▶ How to complete this task:
Only the lines below between the ones containing "Furniture transport experts" and "A Memória RAM", inclusive, are to be reproduced, each exactly as it stands.

▶ Exercise data:
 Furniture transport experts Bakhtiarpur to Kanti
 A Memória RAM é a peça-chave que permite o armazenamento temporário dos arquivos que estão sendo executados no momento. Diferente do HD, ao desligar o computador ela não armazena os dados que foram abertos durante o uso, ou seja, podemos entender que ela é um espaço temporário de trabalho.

* * *

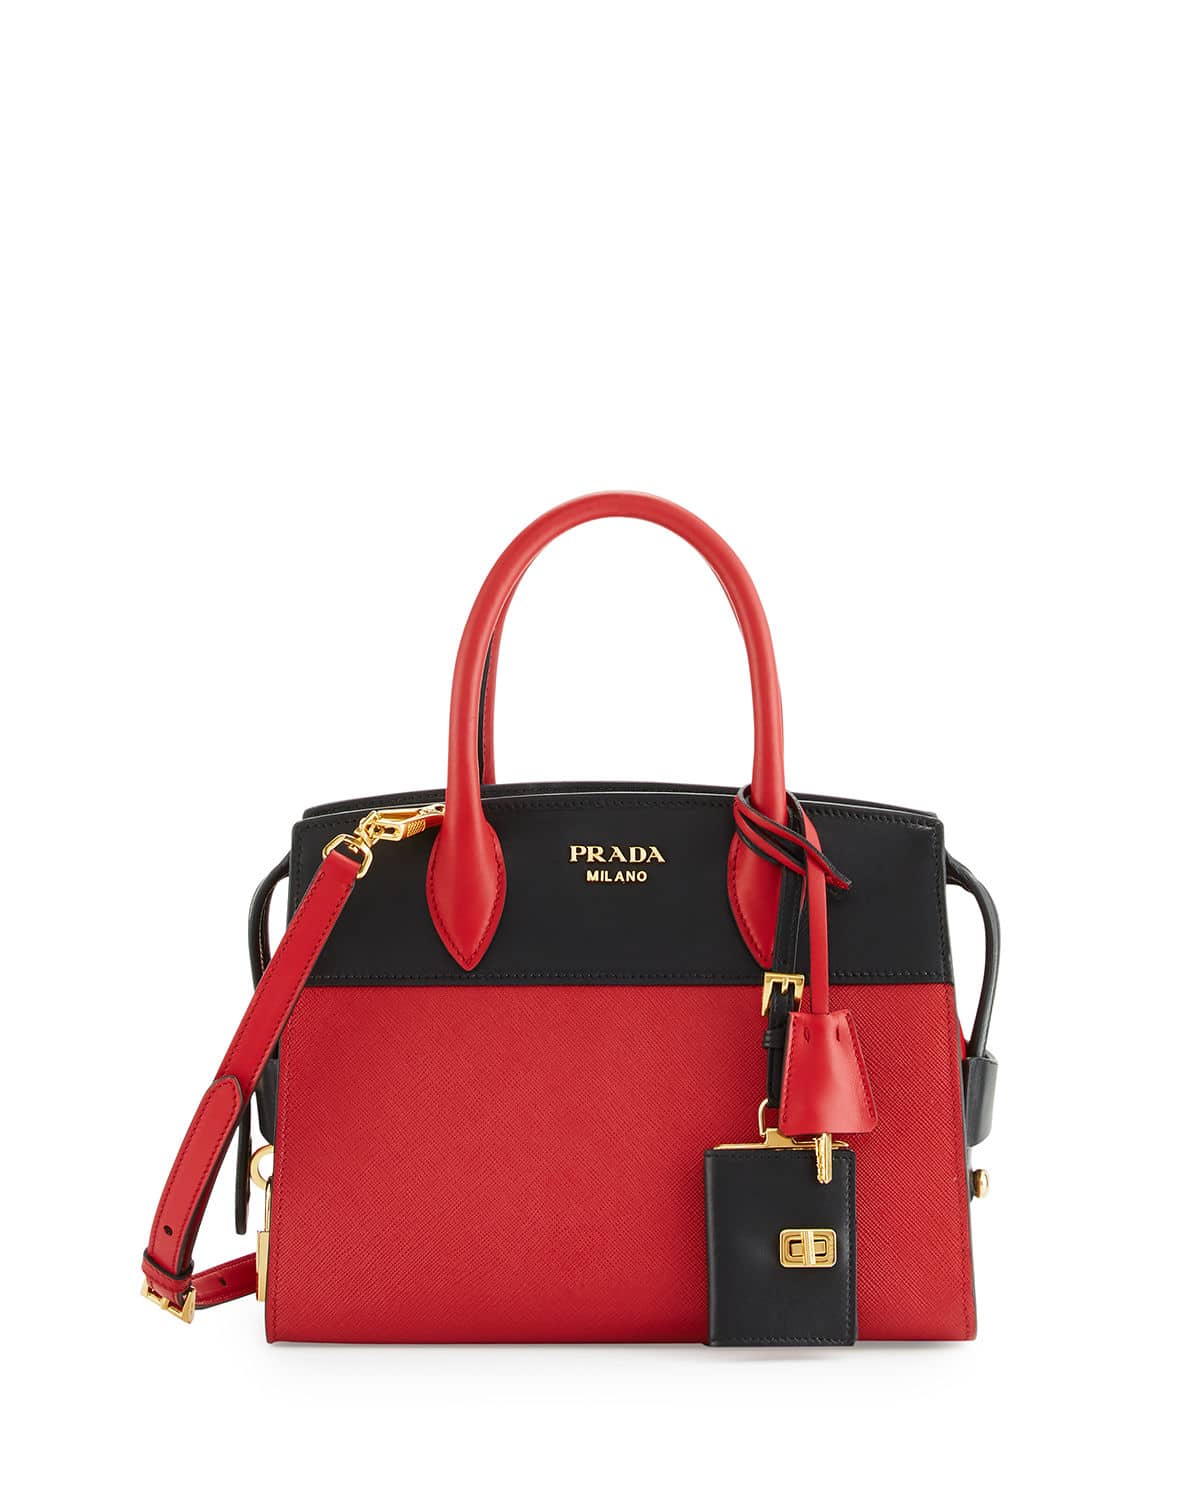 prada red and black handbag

...

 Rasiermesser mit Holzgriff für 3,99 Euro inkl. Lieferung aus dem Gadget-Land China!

▶ Problem solution:
 Furniture transport experts Bakhtiarpur to Kanti
 A Memória RAM é a peça-chave que permite o armazenamento temporário dos arquivos que estão sendo executados no momento. Diferente do HD, ao desligar o computador ela não armazena os dados que foram abertos durante o uso, ou seja, podemos entender que ela é um espaço temporário de trabalho.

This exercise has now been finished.